Impossible d’oublier le vendredi 13 mars 2020. Le cauchemar appelé COVID venait chambouler notre société et forcer, notamment, la fermeture de nos établissements d’enseignement.
Habitués de bouger en classe, combien d’enseignantes et d’enseignants se sont aménagé un bureau de fortune sur la table de cuisine, étant désormais vissés devant leur écran pour une période indéterminée ? Et sont apparus ou se sont aggravés, notamment, les maux de dos, les migraines et les sécheresses oculaires.
Carol-Anne Gauthier, enseignante au collège Champlain dans la région de Québec, en témoigne. « Malgré mes connaissances de base en ergonomie et mon portable surélevé, après quelques semaines, mon dos commençait à faire mal. Au printemps, je me suis acheté une chaise et un second écran qui m’ont coûté 700 $. »
Outre le fait qu’elle a pigé dans son porte-feuilles, ce qui lui a fait bien plus mal, c’est la surcharge de travail qui prend des proportions démesurées au fur et à mesure que les mois passent.
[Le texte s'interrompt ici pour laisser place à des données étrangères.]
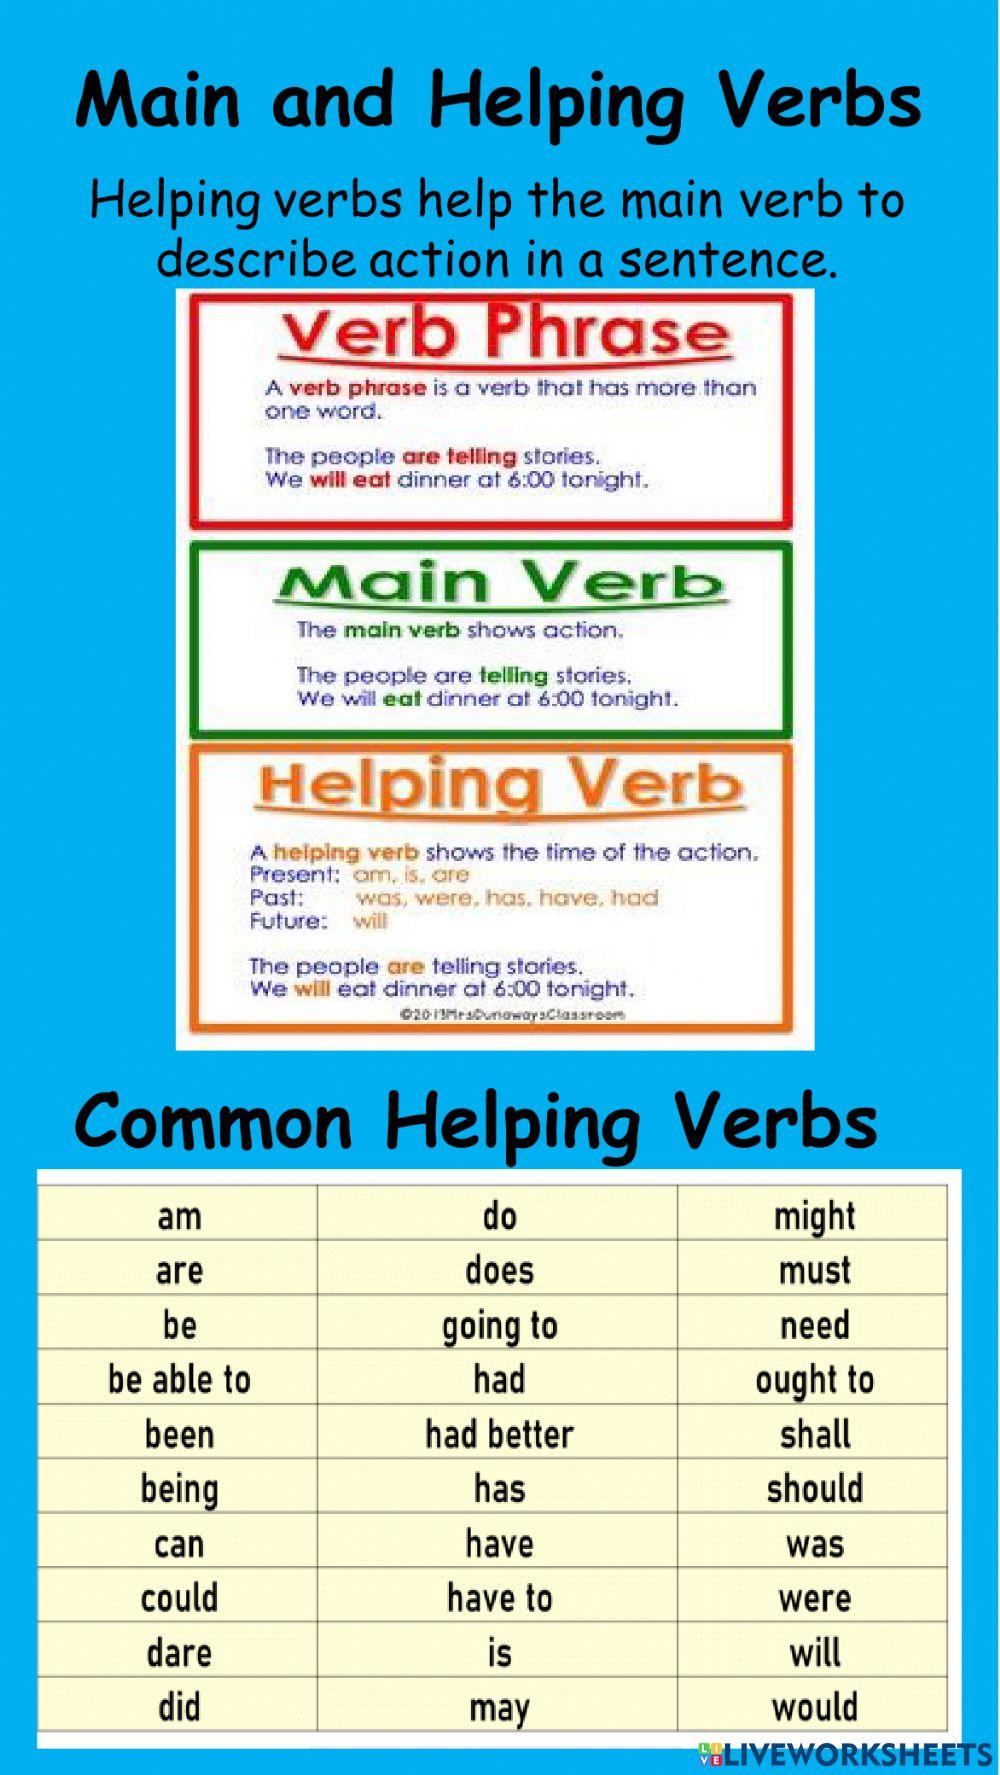 Main and Helping Verbs Notes

La fatigue s’installe. La fatigue plombe le moral.
« Mes collègues et moi, on doit travailler en double depuis l’enseignement en ligne. » N’importe quel pédagogue sait qu’il faut repenser les cours, les évaluations et les stratégies d’enseignement, pour communiquer via une plateforme de communication web, souvent instable. Ça représente un travail colossal d’adaptation, sans temps additionnel de préparation.
C’est sans compter les nouveaux cégépiens désemparés, qui confient leur propre détresse à l’adulte dans l’écran : le prof de psycho, de maths ou de français. « C’est un sentiment d’impuissance. Il y a une “souffrance éthique” chez les enseignants. On nous suggère d’abaisser les attentes. Mais, on veut bien faire notre travail. C’est comme dire à un médecin que ce n’est pas grave si les patients tombent malades parce qu’on n’a pas le temps de faire les tests médicaux. »
Carol-Anne Gauthier constate que certains de ses collègues sont brûlés et désespérés. L’un a même pris sa retraite plus tôt que prévu. Un autre renonce à vingt pour cent de son salaire pour s’assurer d’une tâche allégée, plus humaine.
Hélas, les pistes de solutions se transmettent moins rapidement que la pandémie. Mais, certains profs ont tout de même décidé de se fixer des limites, de prendre les courriels à des heures plus régulières et ils décompressent durant des 5 à 7… virtuels.
Le défi d’aider au téléphone plutôt qu’en personne
Tout comme Carol-Anne Gauthier, depuis la pandémie, Jacques Moquin, intervenant au Projet suivi communautaire, s’interroge sur la qualité de son travail. Il aide des usagers aux prises avec de graves problèmes de santé mentale à gagner de l’autonomie. Ses collègues et lui vivent de l’anxiété depuis que la majorité des accompagnements se réalisent au téléphone plutôt qu’en personne, les usagers ayant rarement accès aux outils de communications web. « Au téléphone, il y a plein d’information qu’on n’a pas, l’hygiène de l’usager et l’état physique de son logement, par exemple. Là, on a beau demander et tenter de décoder les infos, on n’est jamais certain. Est-ce qu’on aide comme on devrait ? Est-ce que notre service est suffisant ? »
Heureusement, l’employeur, Jacques Moquin et ses collègues ont formé une cellule de crise pour s’adapter au changement. Les réunions d’équipe, bien structurées, aident à prendre soin de chacun et à ventiler, même si ce n’est pas optimal.
Et puis, les membres de l’équipe apprennent à prendre des pauses. « Moi, j’ai deux chiens qui jappent parfois quand je suis au téléphone, mentionne M. Moquin. Mais, je suis content de les avoir pour aller marcher entre deux appels. Il faut prendre un peu de temps pour se construire un horaire plus sain. »
Donner du temps au temps pour réduire le stress, détendre le corps et l’esprit, c’est plus facile à dire qu’à faire, relativise Carol-Anne Gauthier. « Quand t’es stressée, que t’es surchargée, tu as tendance à t’asseoir tout croche, tu te lèves moins souvent. T’as mal dans le dos, t’as mal partout et tu dors mal. Puis là, t’es moins bonne le lendemain. Il faut briser cette spirale ».